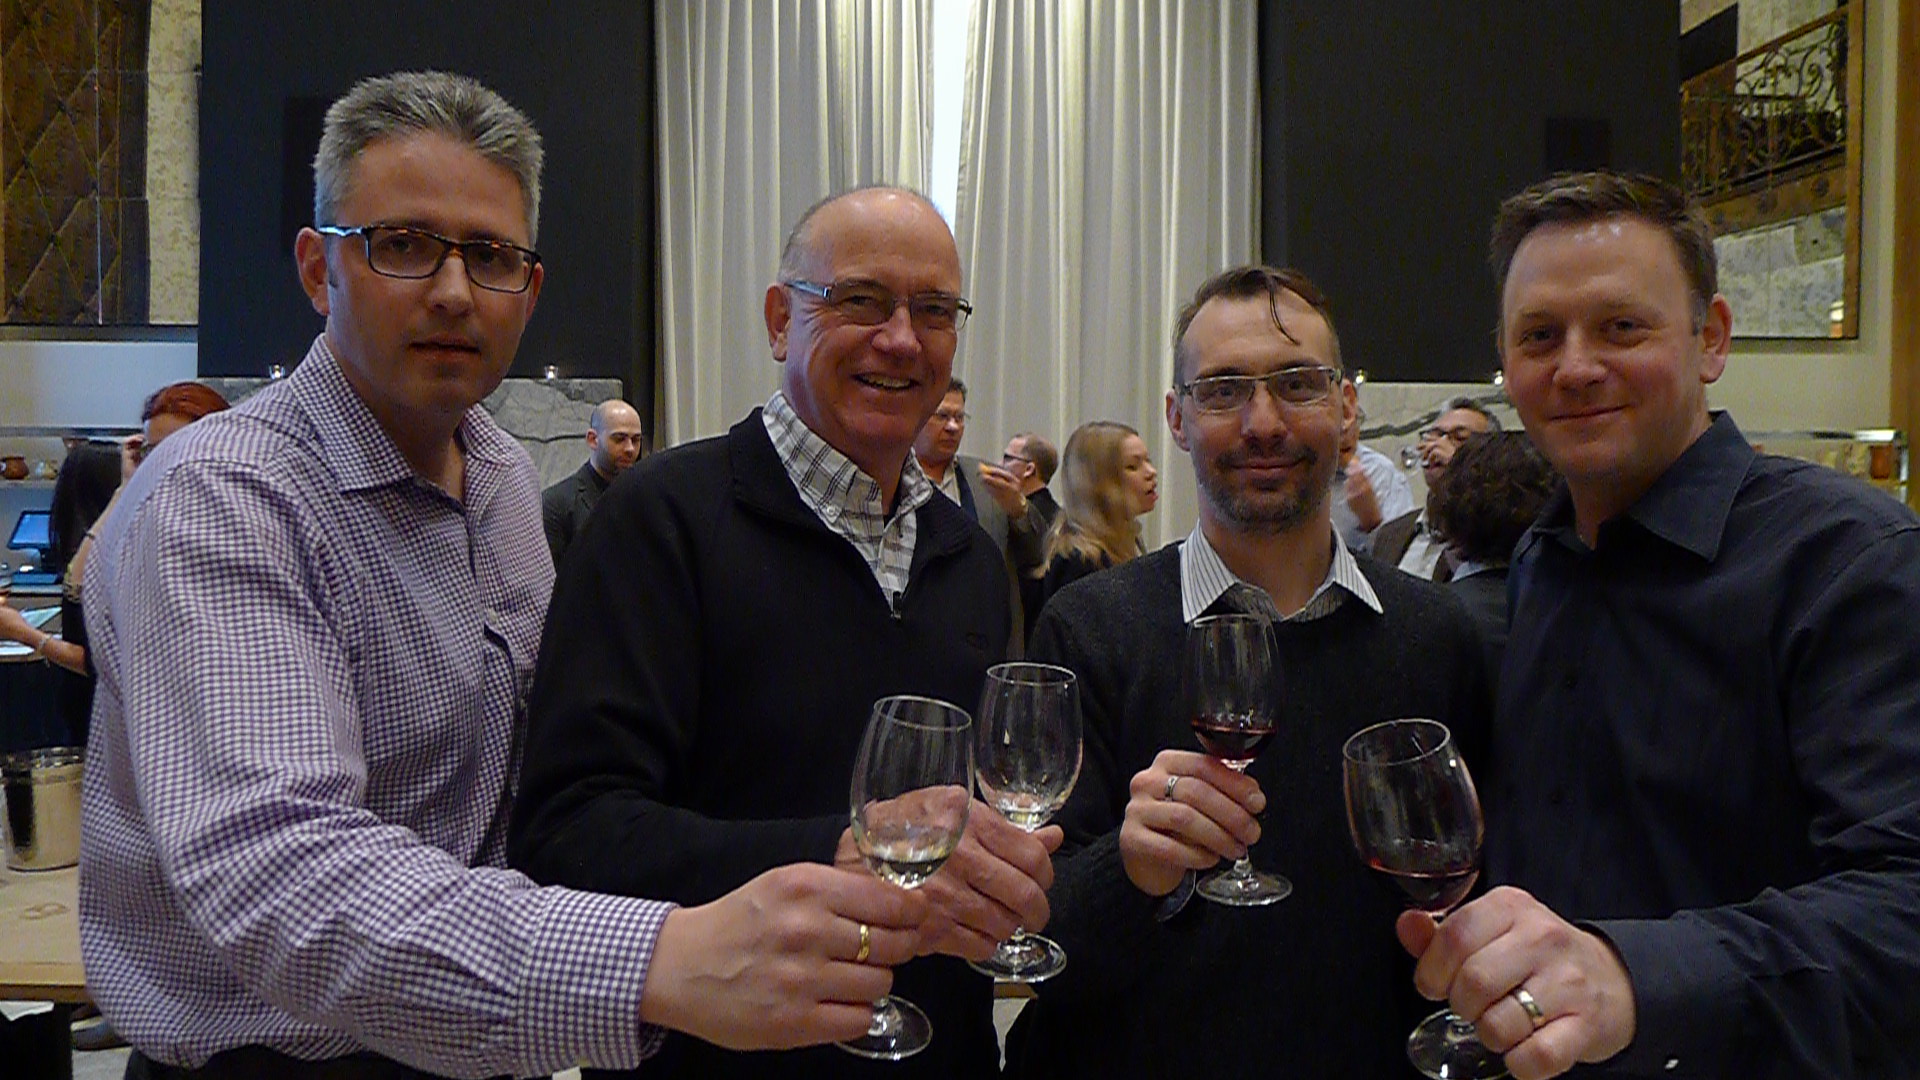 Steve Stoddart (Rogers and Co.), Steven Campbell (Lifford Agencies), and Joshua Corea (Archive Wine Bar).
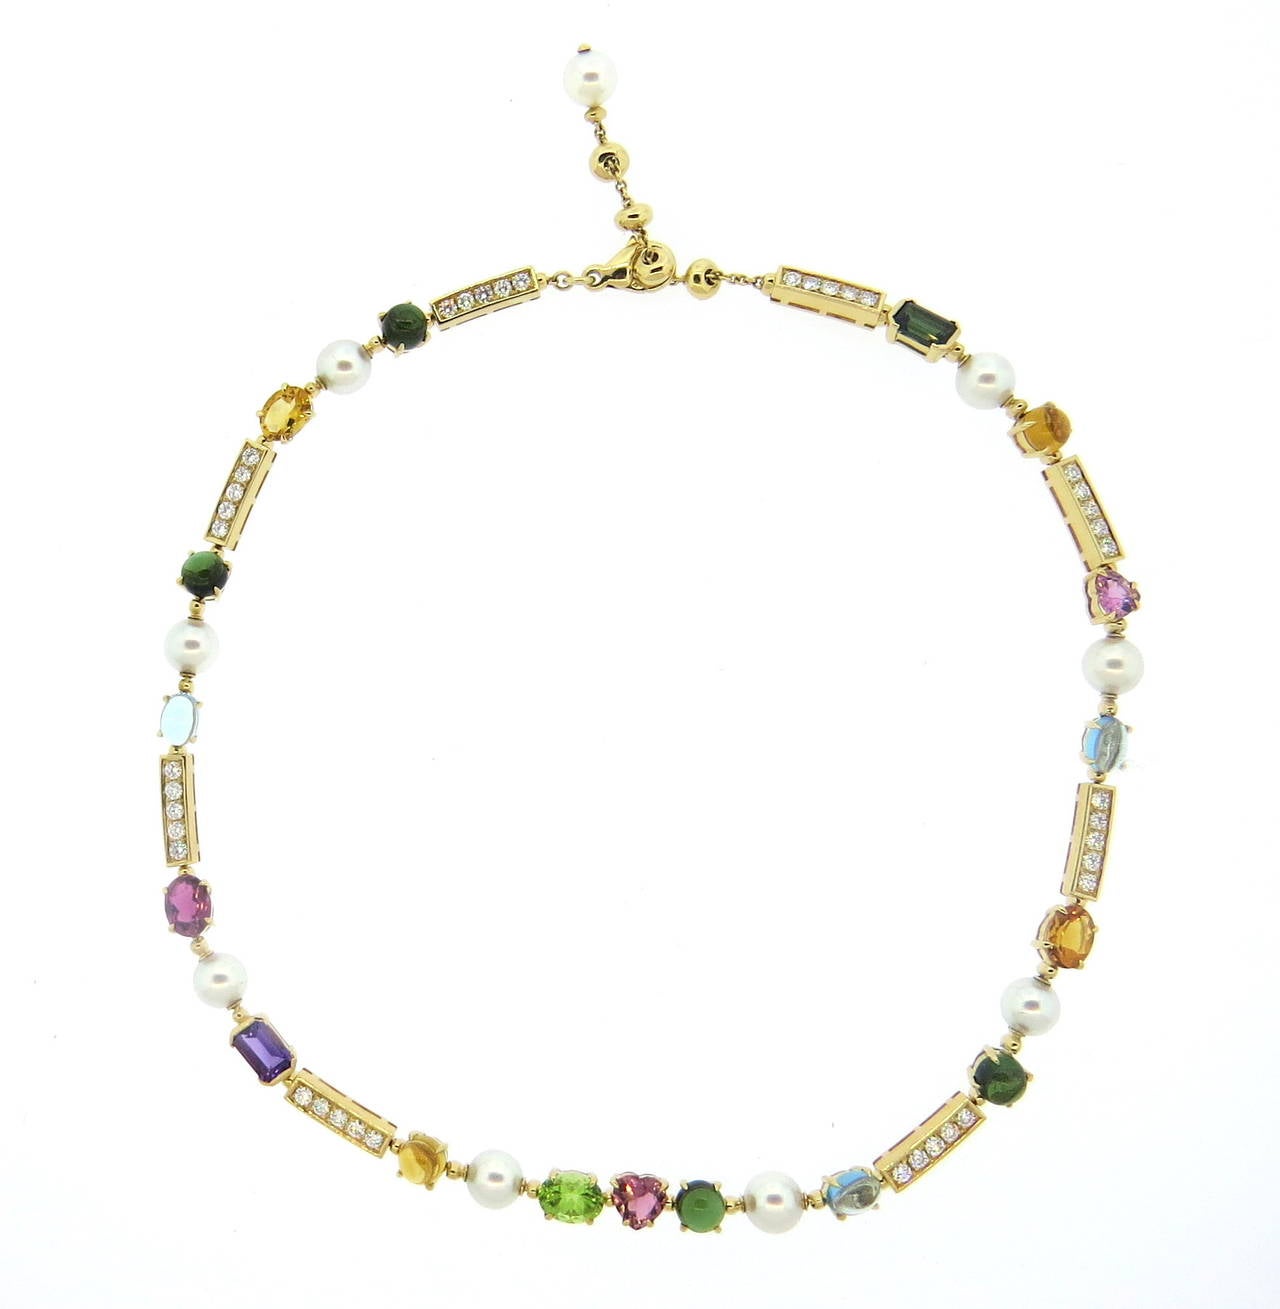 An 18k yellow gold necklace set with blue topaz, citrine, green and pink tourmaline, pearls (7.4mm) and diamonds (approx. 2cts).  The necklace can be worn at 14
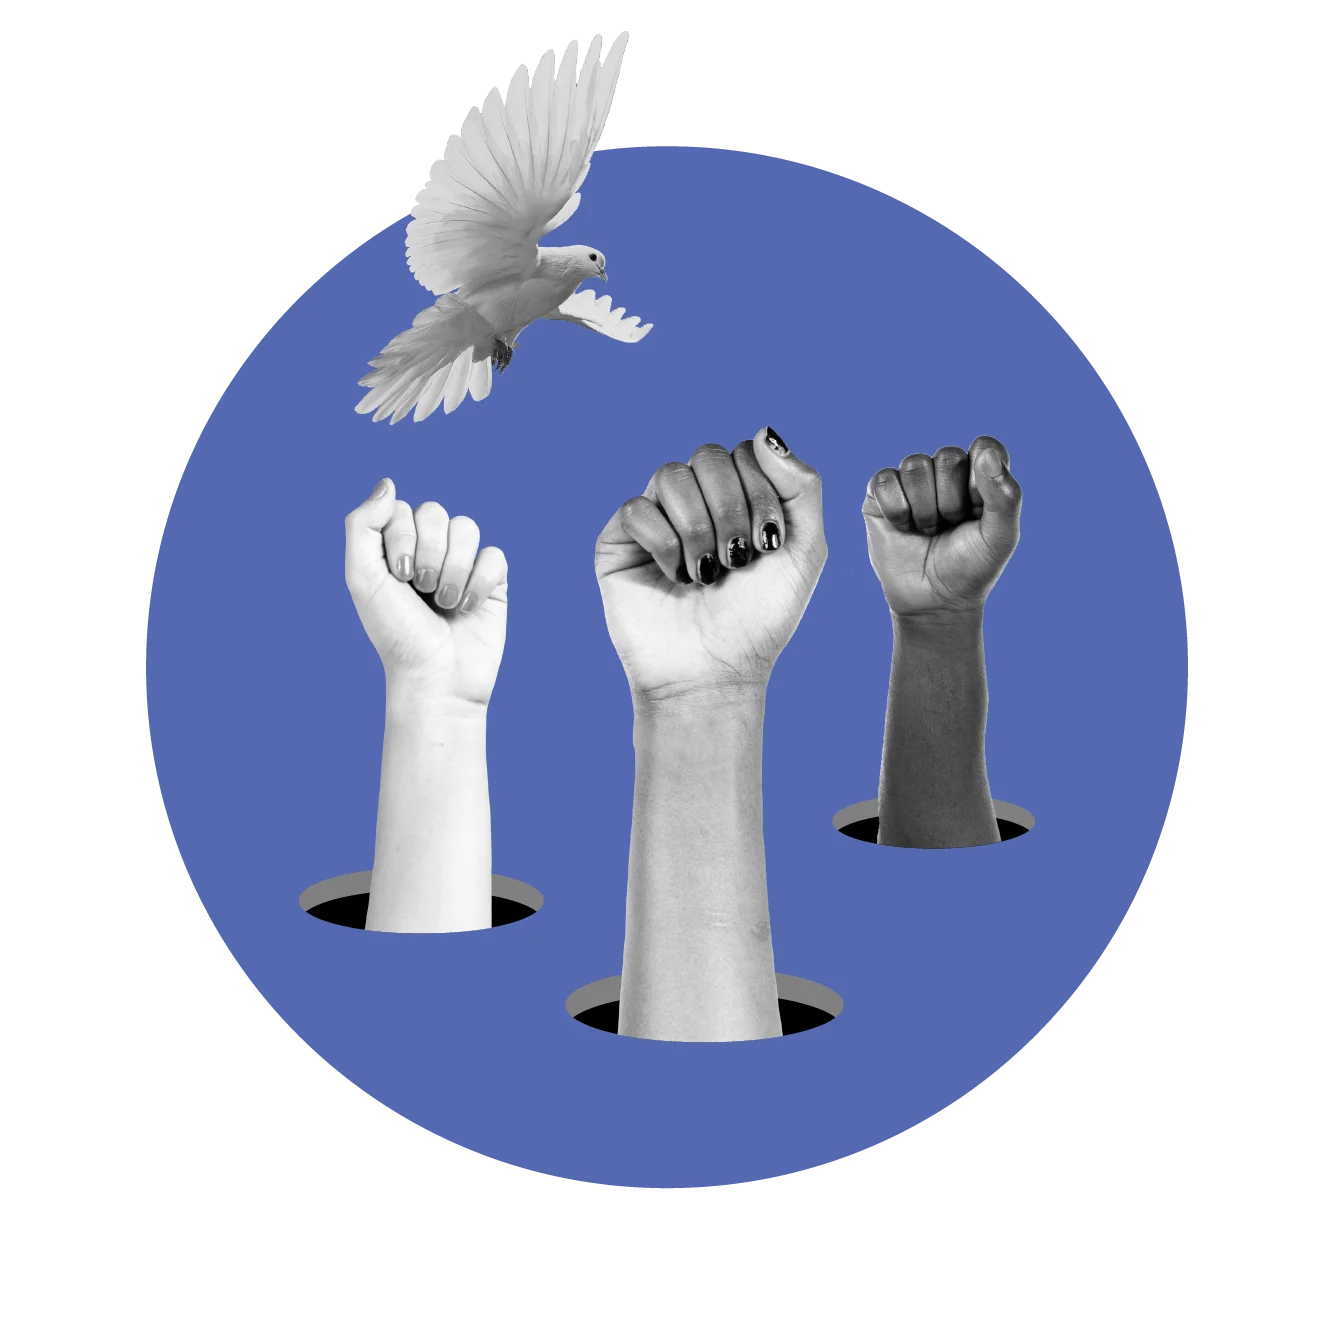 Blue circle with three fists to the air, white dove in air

§ **Work task**
Return the complete material exactly as it appears, without images.

§ **Solved problem**
 Steve Stoddart (Rogers and Co.), Steven Campbell (Lifford Agencies), and Joshua Corea (Archive Wine Bar).
 An 18k yellow gold necklace set with blue topaz, citrine, green and pink tourmaline, pearls (7.4mm) and diamonds (approx. 2cts).  The necklace can be worn at 14
 Blue circle with three fists to the air, white dove in air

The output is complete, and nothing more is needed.